• [DATA SEGMENT]:
******
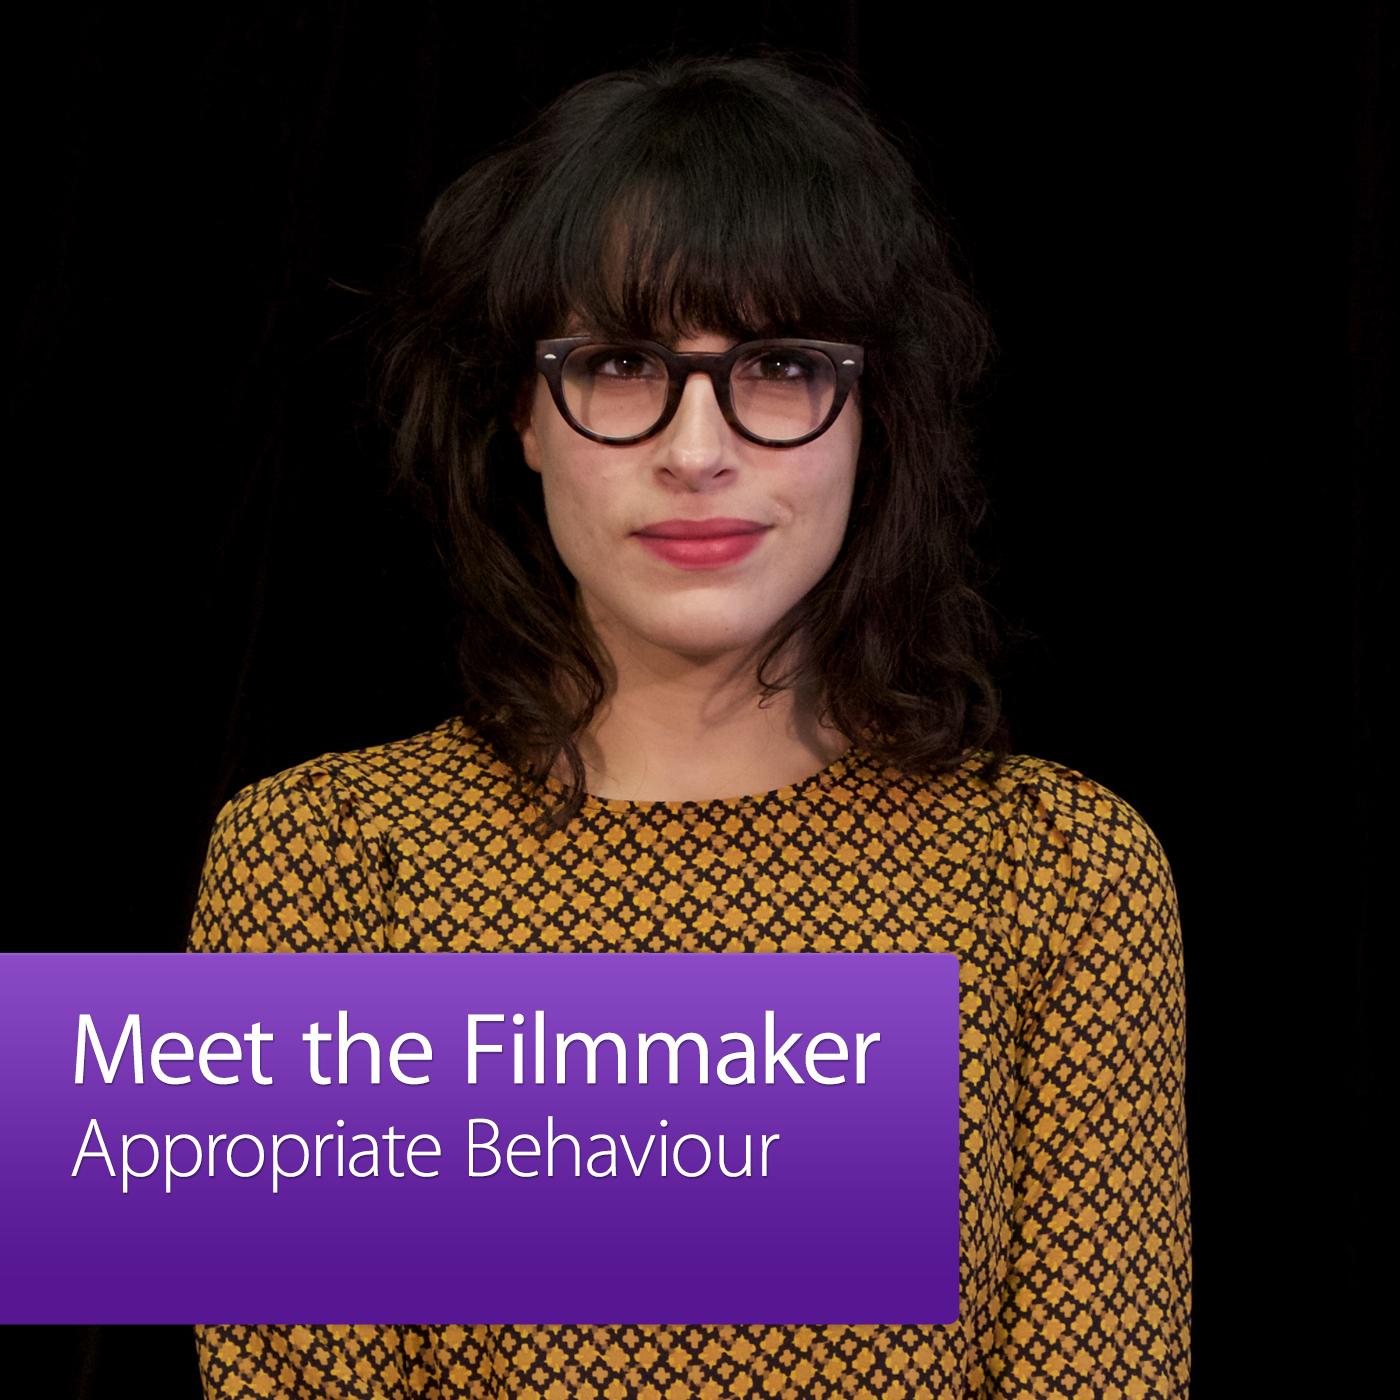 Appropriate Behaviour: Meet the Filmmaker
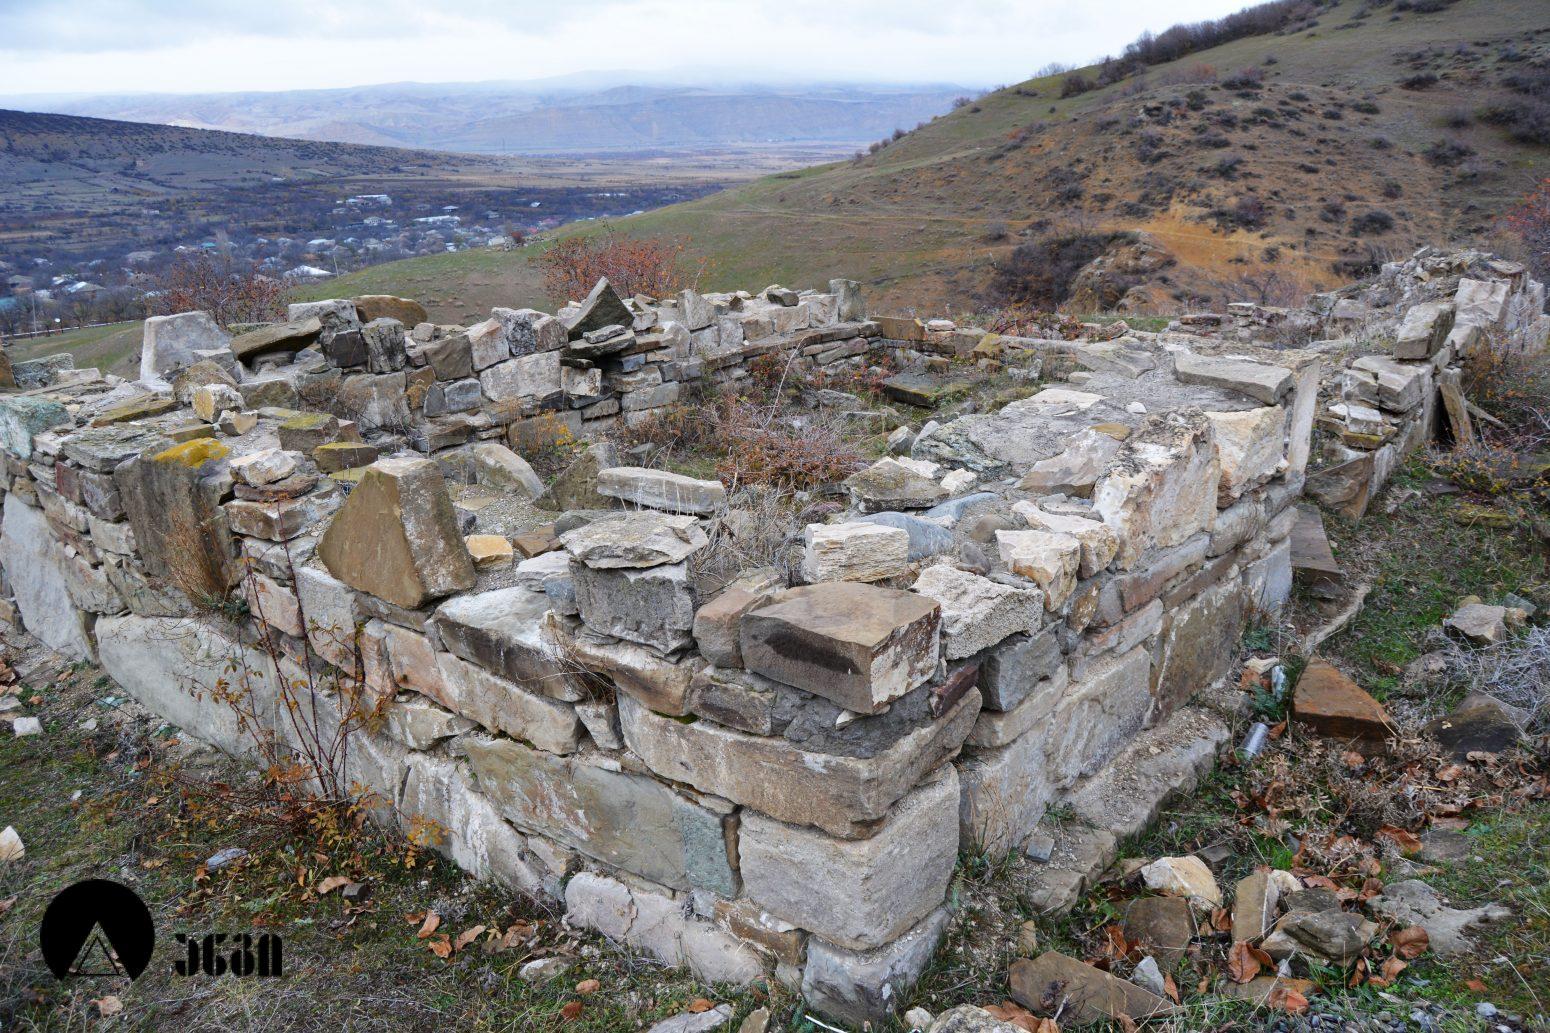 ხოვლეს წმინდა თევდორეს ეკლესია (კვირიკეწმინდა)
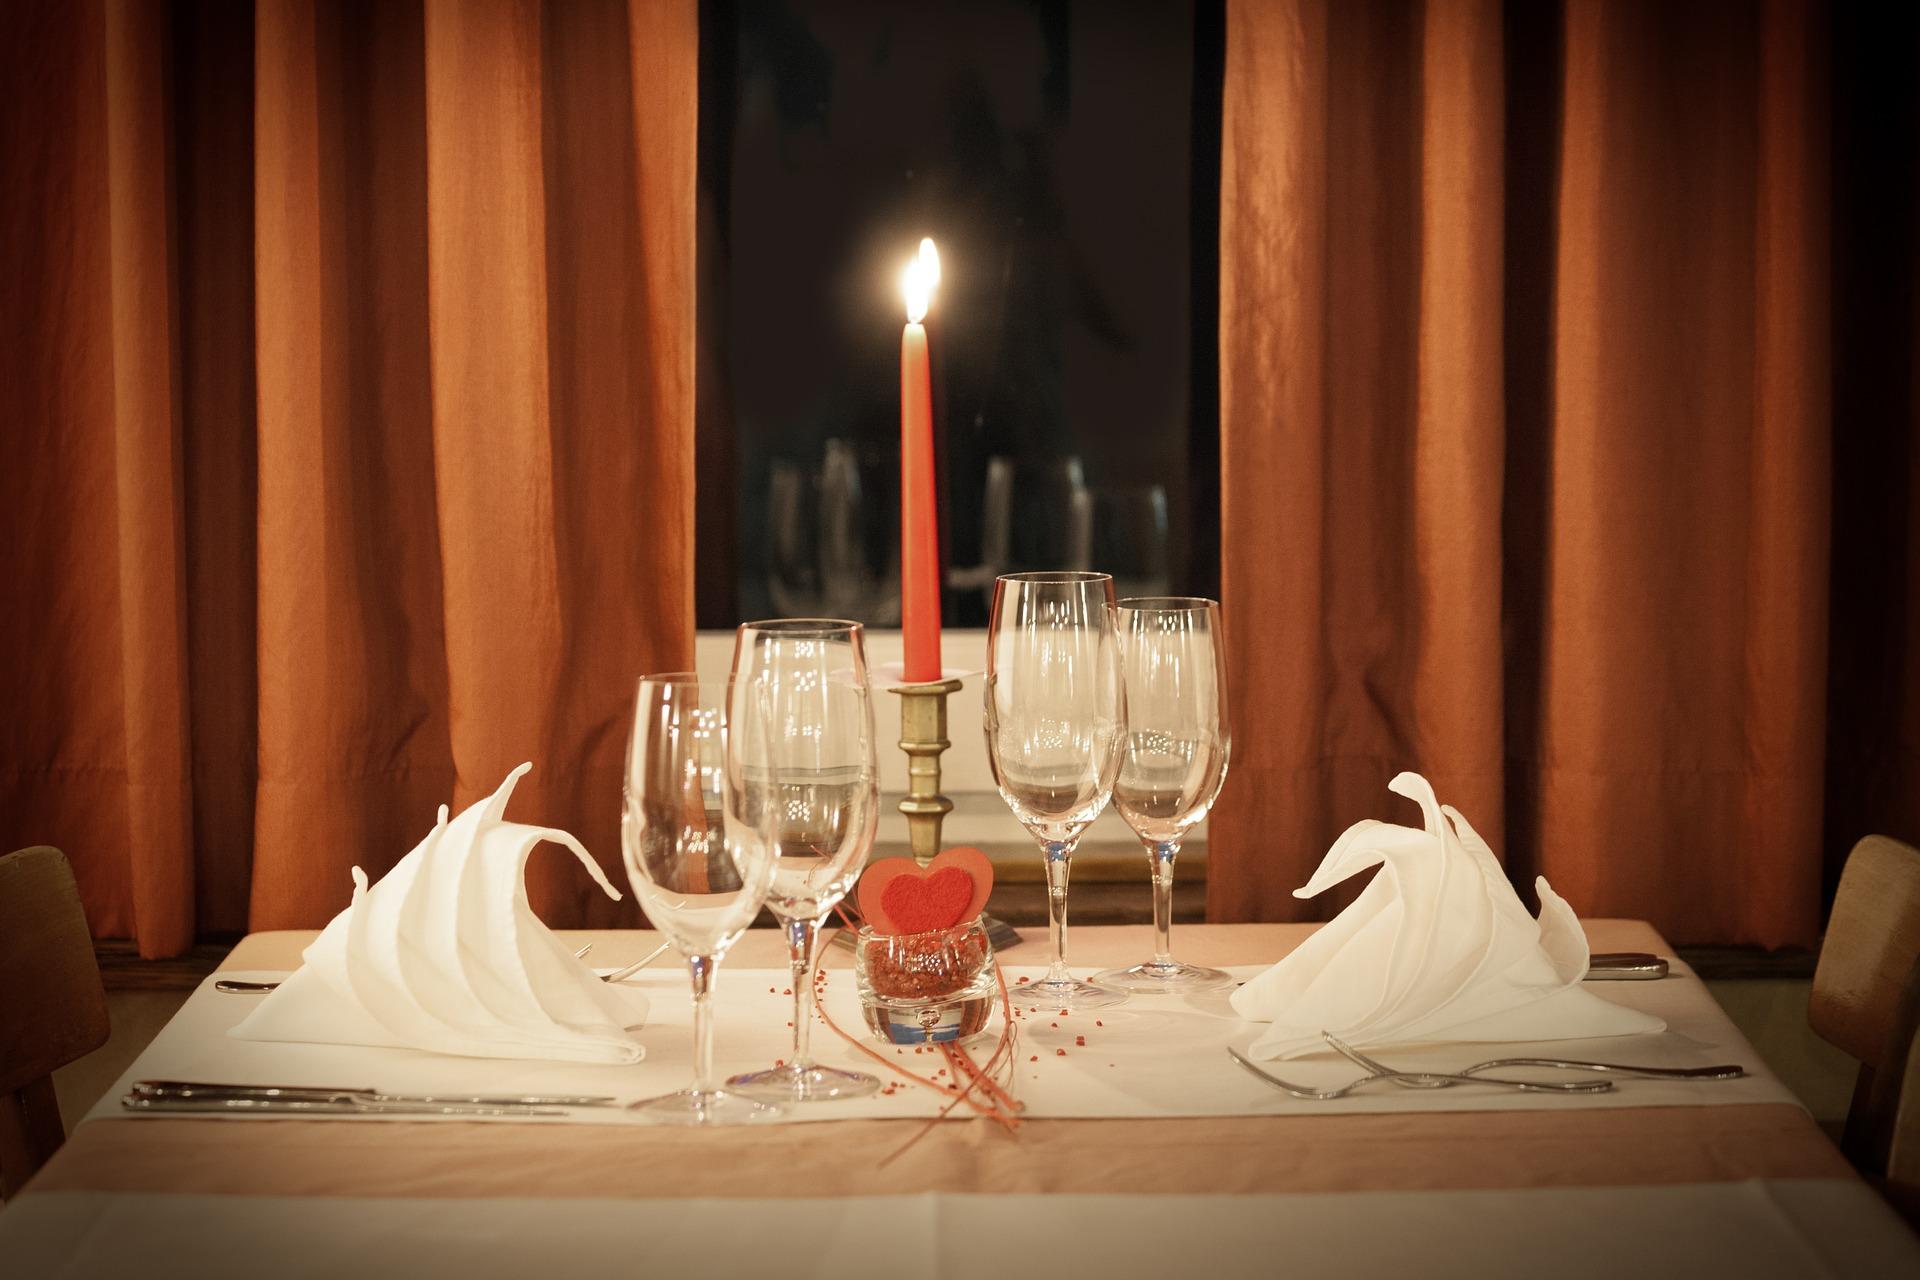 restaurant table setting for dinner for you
******
• [EXERCISE DESCRIPTION]:
The answer should hold every line of the listing, copied exactly, with no pictures.

• [ANSWER BOX]:
 Appropriate Behaviour: Meet the Filmmaker
 ხოვლეს წმინდა თევდორეს ეკლესია (კვირიკეწმინდა)
 restaurant table setting for dinner for you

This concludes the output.